This article is the first in a three-part series exploring the stages of the biologics drug development pipeline— from early-phase research and target identification to lead generation and optimization. Part 1 provides an overview of the pipeline stages, highlights early-phase mAb development and industry trends, and lays the groundwork for understanding how clinical-grade reference products can strengthen early-phase research and accelerate progress.
Biotherapeutic pipelines are rapidly growing across multiple therapeutic areas showing remarkable success rates — but what does this mean for the future of drug development?
In this evolving landscape, clinical-grade reference molecules offer more than just benchmarks—can they be the key to validating methods, standardizing performance, and fast-tracking next-generation monoclonal antibody (mAb) drug development?
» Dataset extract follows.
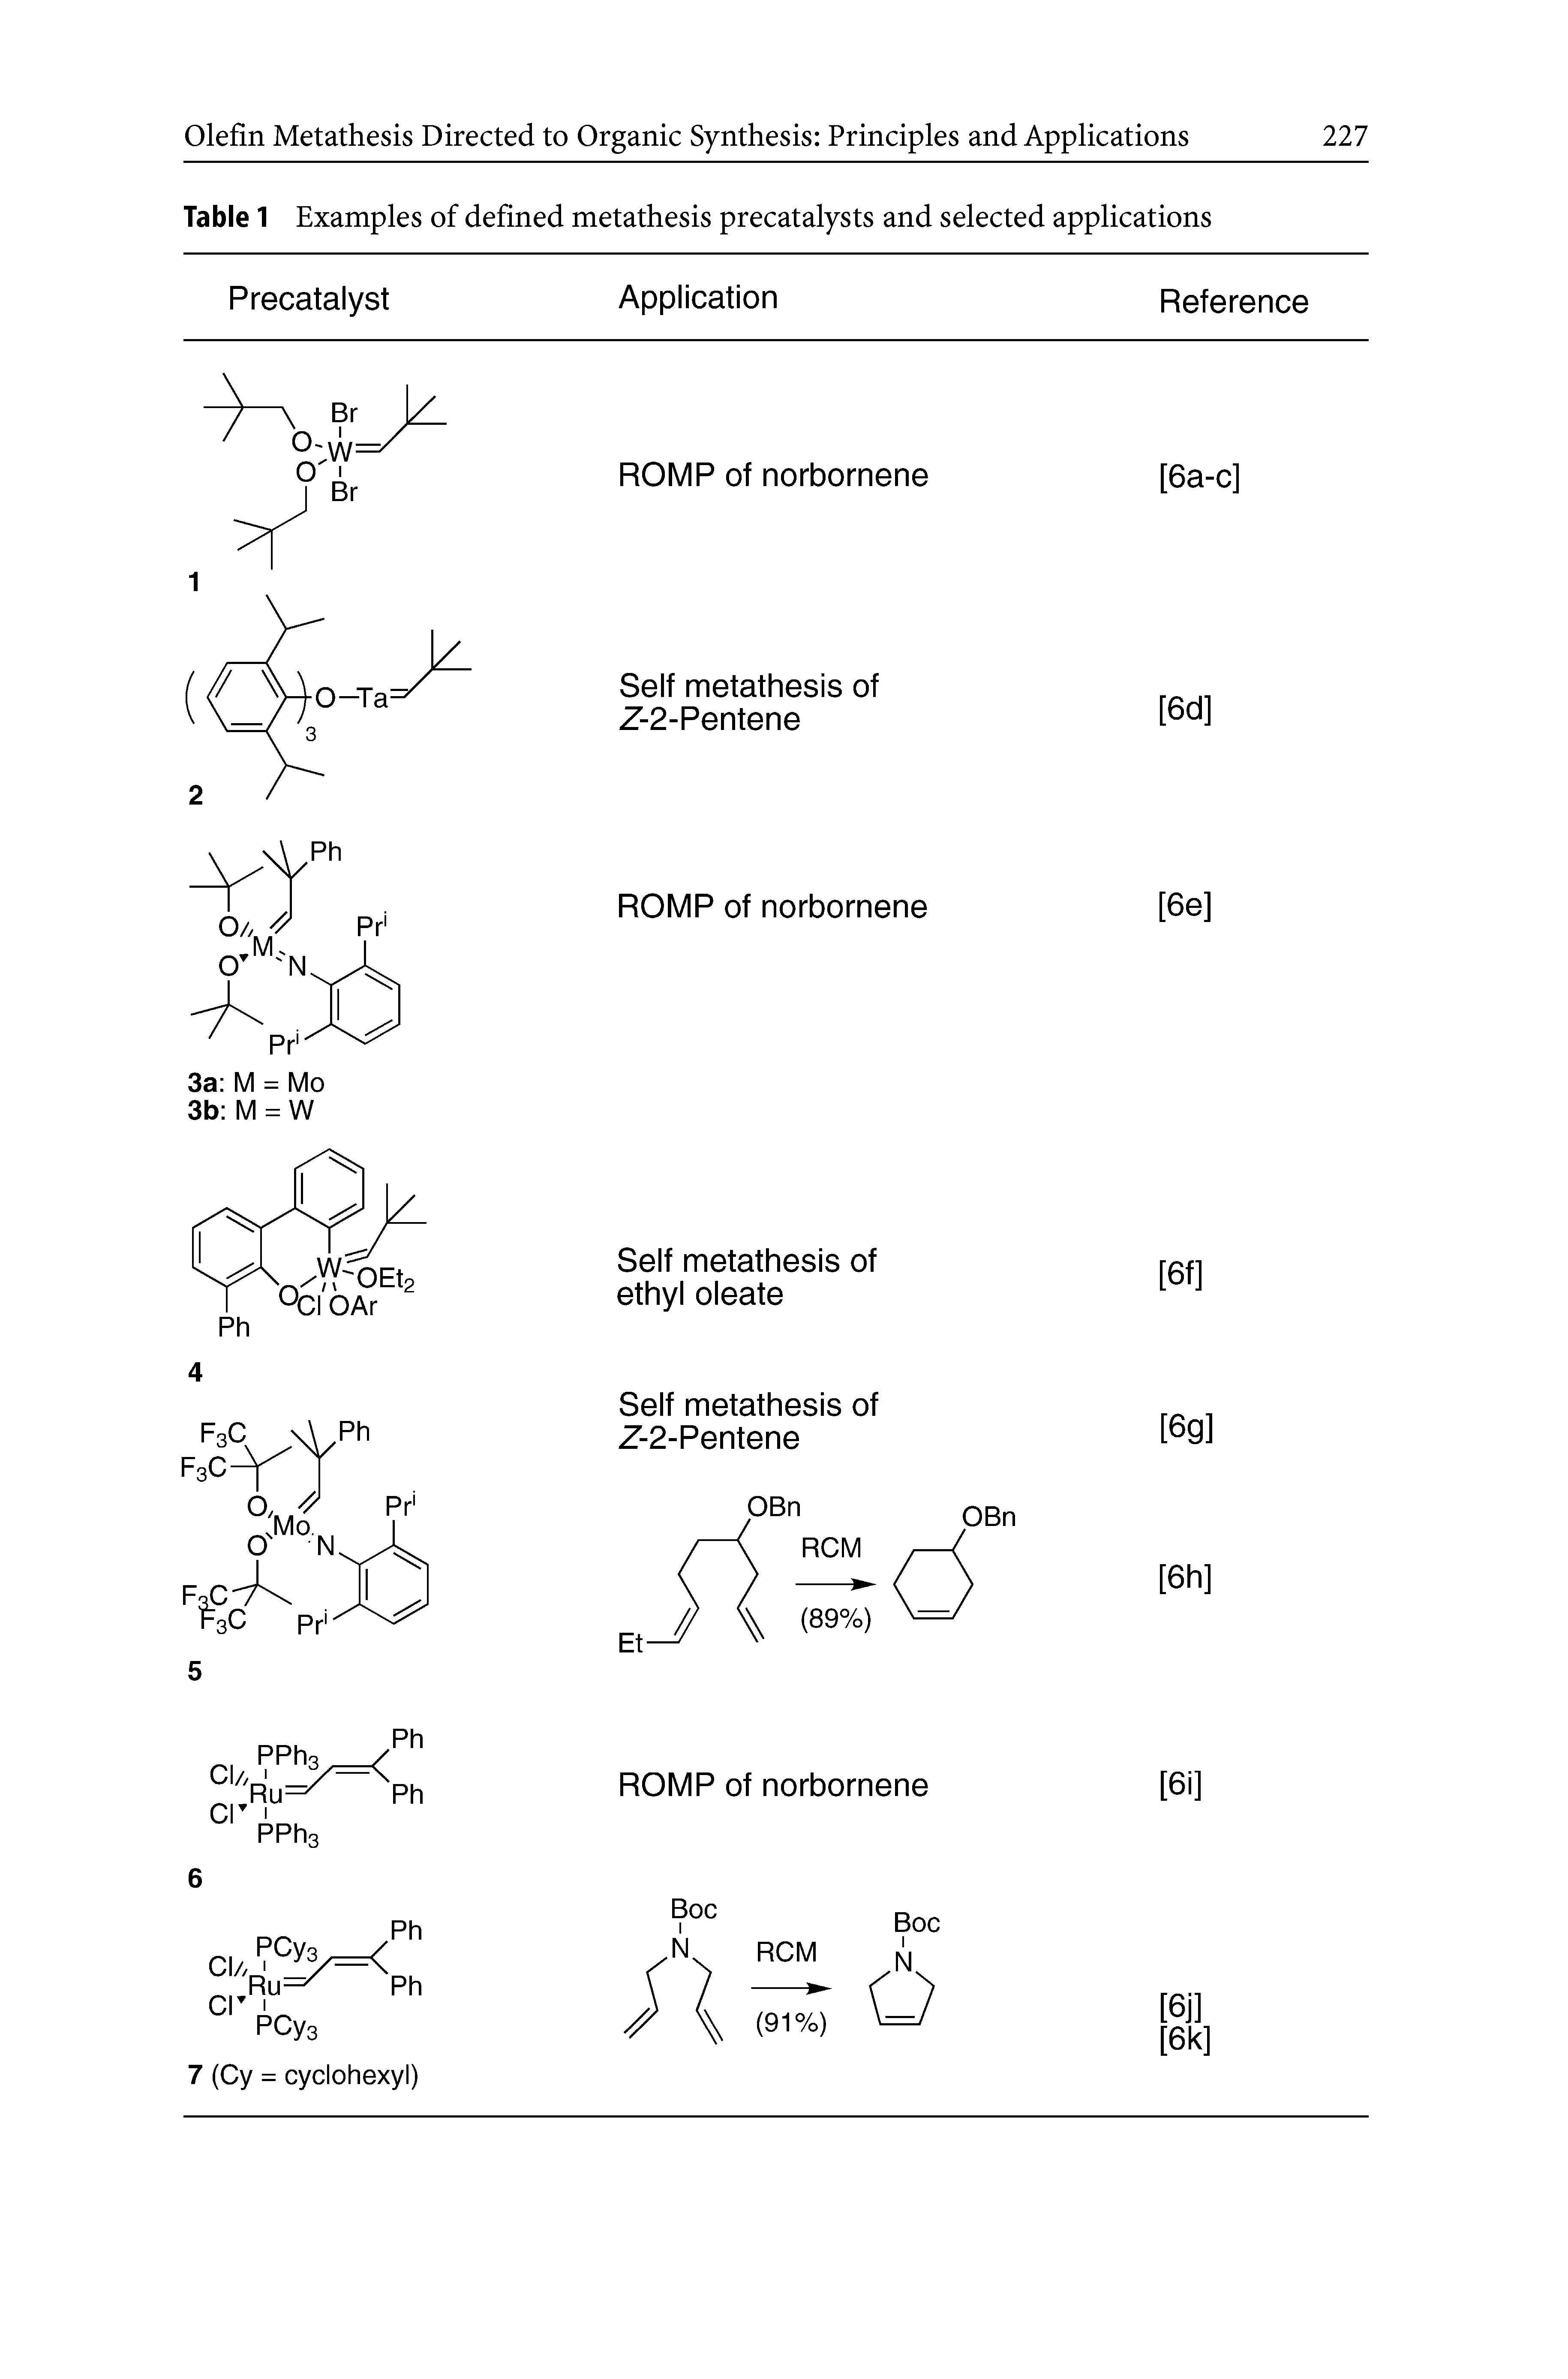 Table 1 Examples of defined metathesis precatalysts and selected applications...

Early development stages are crucial for defining the pipeline, Decisions made here often determine which candidates advance and how efficiently they reach clinical trials.
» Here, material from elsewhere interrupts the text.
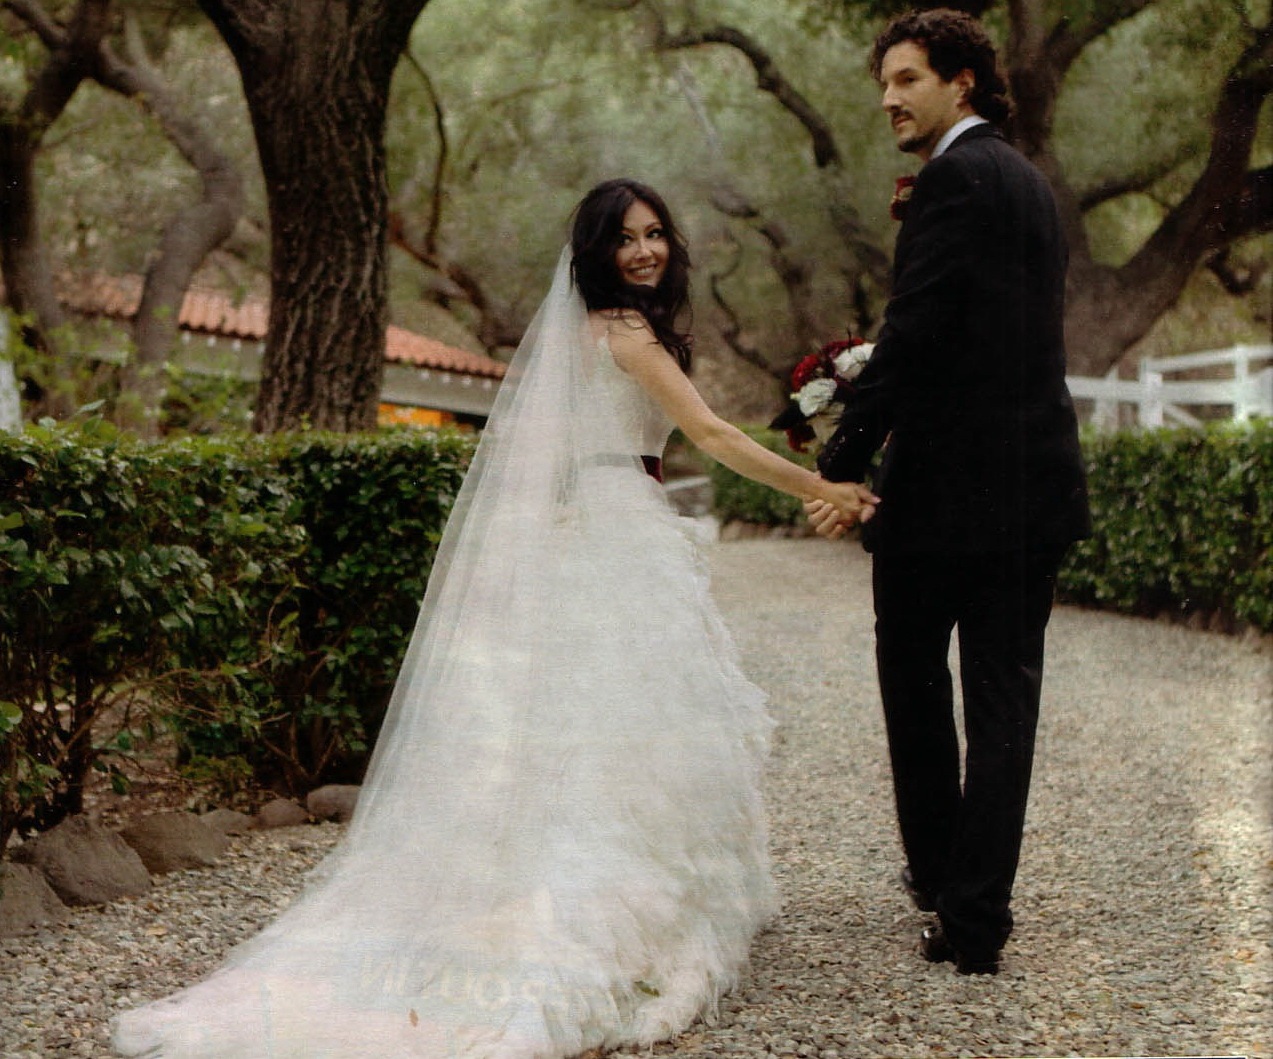 Shannen Doherty  Wedding Pictures  Shannen Doherty Photo 27724852

Let’s dive into the evolving therapeutic mAb landscape and explore how clinical-grade reference mAbs can empower CROs and CDMOs to accelerate early development and unlock new possibilities.
The stages of the biologics pipeline
The drug discovery process is typically initiated by an unmet medical need or by limitations in existing therapies, such as insufficient efficacy or safety concerns.
Drug repurposing is also gaining traction wherein pre-existing therapeutic molecules are investigated for novel therapeutic applications. To translate medical needs into viable therapies, researchers rely on a structured discovery process that moves systematically from target validation to candidate optimization.
This includes the discovery phase, preclinical evaluation, clinical trials and commercialization:
Discovery phase
This phase begins with target identification and target validation to ensure biological relevance and therapeutic potential. Candidate mAbs are screened for interaction with the target, producing initial hits. These hits are refined into leads with improved drug-like qualities through iterative testing, focusing on potency, selectivity, and basic pharmacological properties.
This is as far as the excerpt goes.